The examples from ESPN magazine are all sports related, but I ask my students to brainstorm topics both inside and outside the world of sports. Here are some topics I modeled, next to some of my students’ topics:

Six Things You Should Know About… (Mr. Gallagher’s List)

Six Things You Should Know About… (Students’ List)

… buying a car.

… renting an apartment.

… owning a dog.

… becoming a teacher.

… being a parent.

… writing a book.

… being in an airport.

… being an Angels fan.

… coaching high school basketball.

… applying to college.

… applying for a job.

… our school library.

… playing Grand Theft Auto V.

… passing AP biology.

… being a babysitter.

… playing varsity football.

… being a twin.

… the McDonald’s menu.

… a Galaxy 7 phone.

… being in student government.

… playing soccer.

… Instagram.

… Harlem.

… the subway system.

After we brainstorm, I choose one topic and write a model for my students, noting the formatting of the magazine piece (e.g., each of the “things” is numbered and in bold font). I take students into the computer lab and teach them how to insert a stock photo and how to wrap text around it. In Figure 4.3, you will see the first page of my rough draft of “Six Things You Should Know About Writing a Book.” Figure 4.4 shows Alicia’s first draft of “Six Things You Should Know About Being a Twin.”

Six Things You Should Know About Writing a Book

1. YOU HAVE TO BE A LITTLE CRAZY.

Writing a book is challenging, especially when I am teaching full time. Because I am exhausted after a day of teaching, my only writing time comes in the morning. And when I say “morning,” I mean morning. I wrote each of my last two books at 4:00 a.m. While the rest of the world was dreaming pleasant thoughts, I was staring with blurry eyes at my computer screen, trying to come up with something—anything—worth reading. Let me repeat: 4:00 a.m. You have to be a little crazy to do this, right?

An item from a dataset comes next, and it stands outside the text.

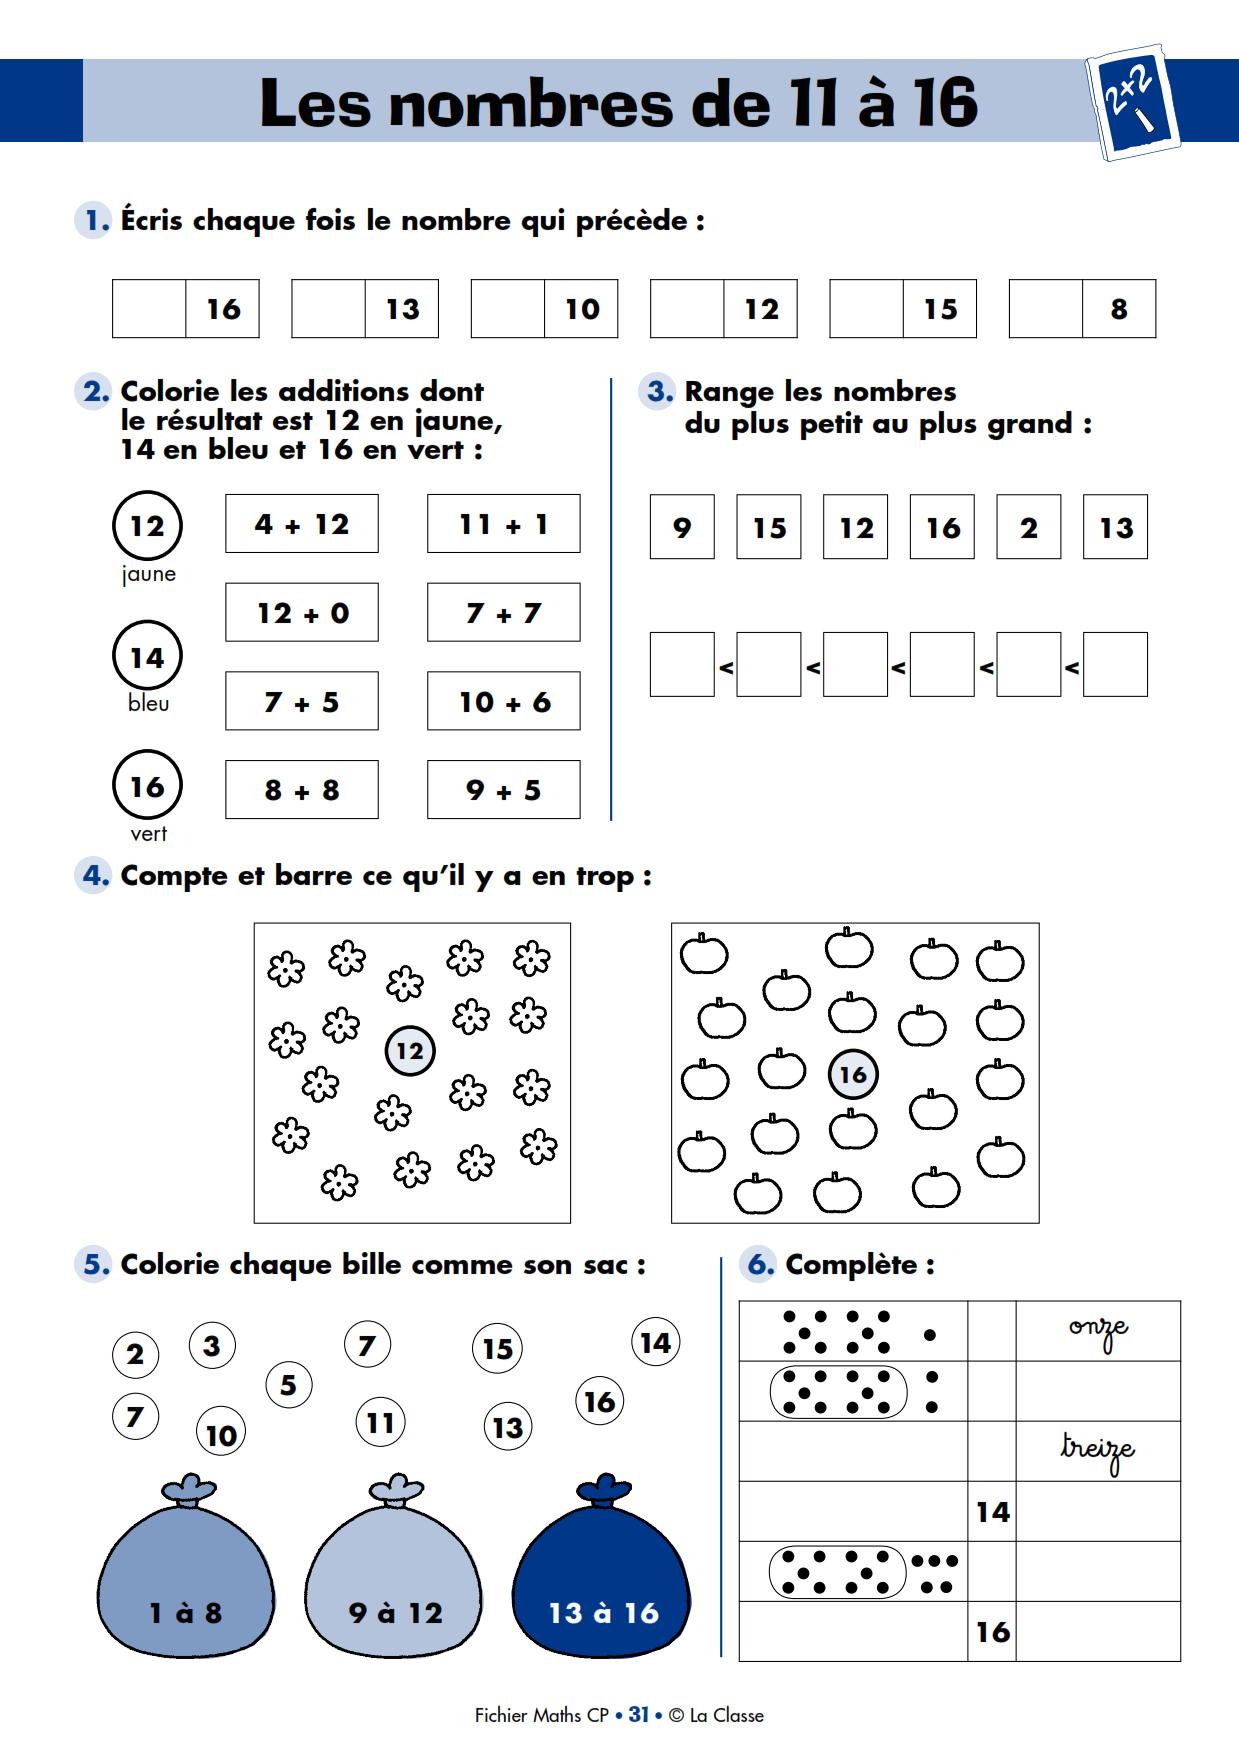 7 Fiches Pour Decouvrir Le Nouveau Fichier Maths Cp De
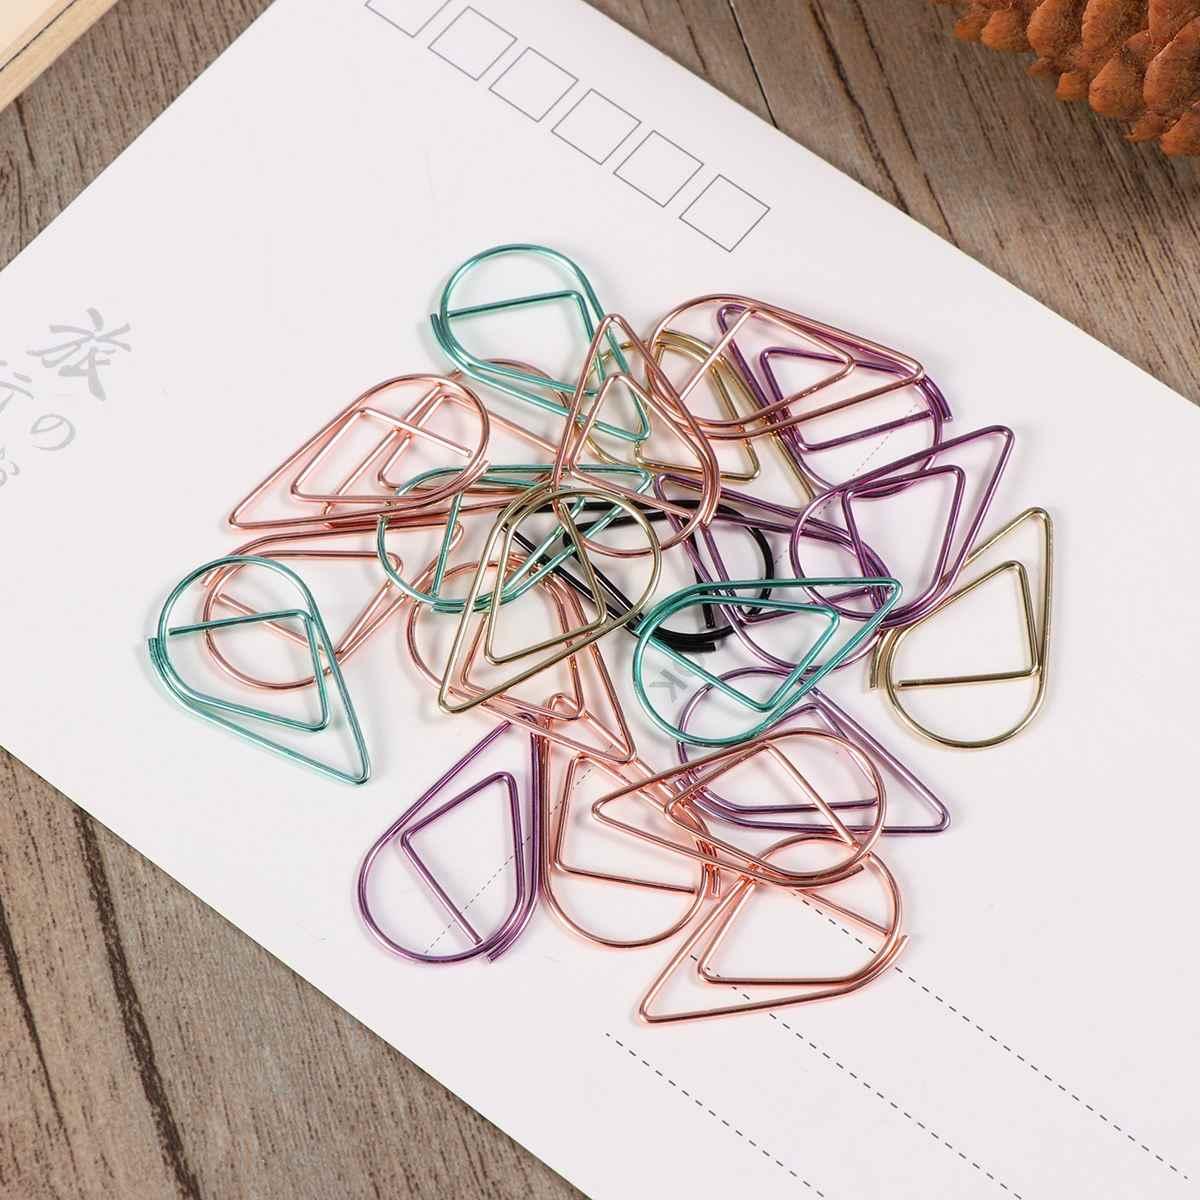 100 Pcs Logam Kecil Berbentuk DROP Klip Kertas Bookmark Penjepit Kertas untuk Buku Memo Kertas Poster Alat Kantor Dekorasi

2. SOME DAYS IT FLOWS; OTHER DAYS IT DOESN’T.

I haven’t figured out why this is true, but some days when I sit down to write the words just flow onto the screen. These are the good writing days. Unfortunately, however, there are days where I find myself with writer’s block, and I sit there staring stupidly at a blank screen. I don’t know why some days are better writing days than others, but I have come to accept this as part of what it means to be a writer. Knowing this, I don’t panic when I am having a bad writing day.

3. WRITING IS EASY; RE-WRITING IS HARD.

As I mentioned, some days the words flow onto the paper. That’s the good news. The bad news is that almost all first drafts are lousy. They need revision—sometimes lots of it. I would estimate that when I write a book I spend about 25 percent of my time writing and about 75 percent of my time revising. Though revising is hard, I actually enjoy seeing when a draft moves. Sometimes, it heads in very unexpected directions.

4. YOUR BOOK IS NEVER FINISHED; IT’S JUST DUE.

Revision makes your writing better, but it never makes your writing perfect. There comes a time when you have to believe the draft is good enough to let it go. Sometimes I read something that I have published and think, “Wow, I should have revised that one more time.” This always reminds me that drafts are never finished, they are just due.

5. YOU HAVE TO DEVELOP THICK SKIN

The scariest part of writing comes when you allow someone else to read what you have written. Sharing writing is risky. Even though I know deep in my brain that all early drafts are lousy, it is still difficult when someone provides constructive criticism. Whenever I show an early draft to my editor, I am always a bit on edge until I receive the feedback. You have to develop thick skin so you do not take the criticism personally.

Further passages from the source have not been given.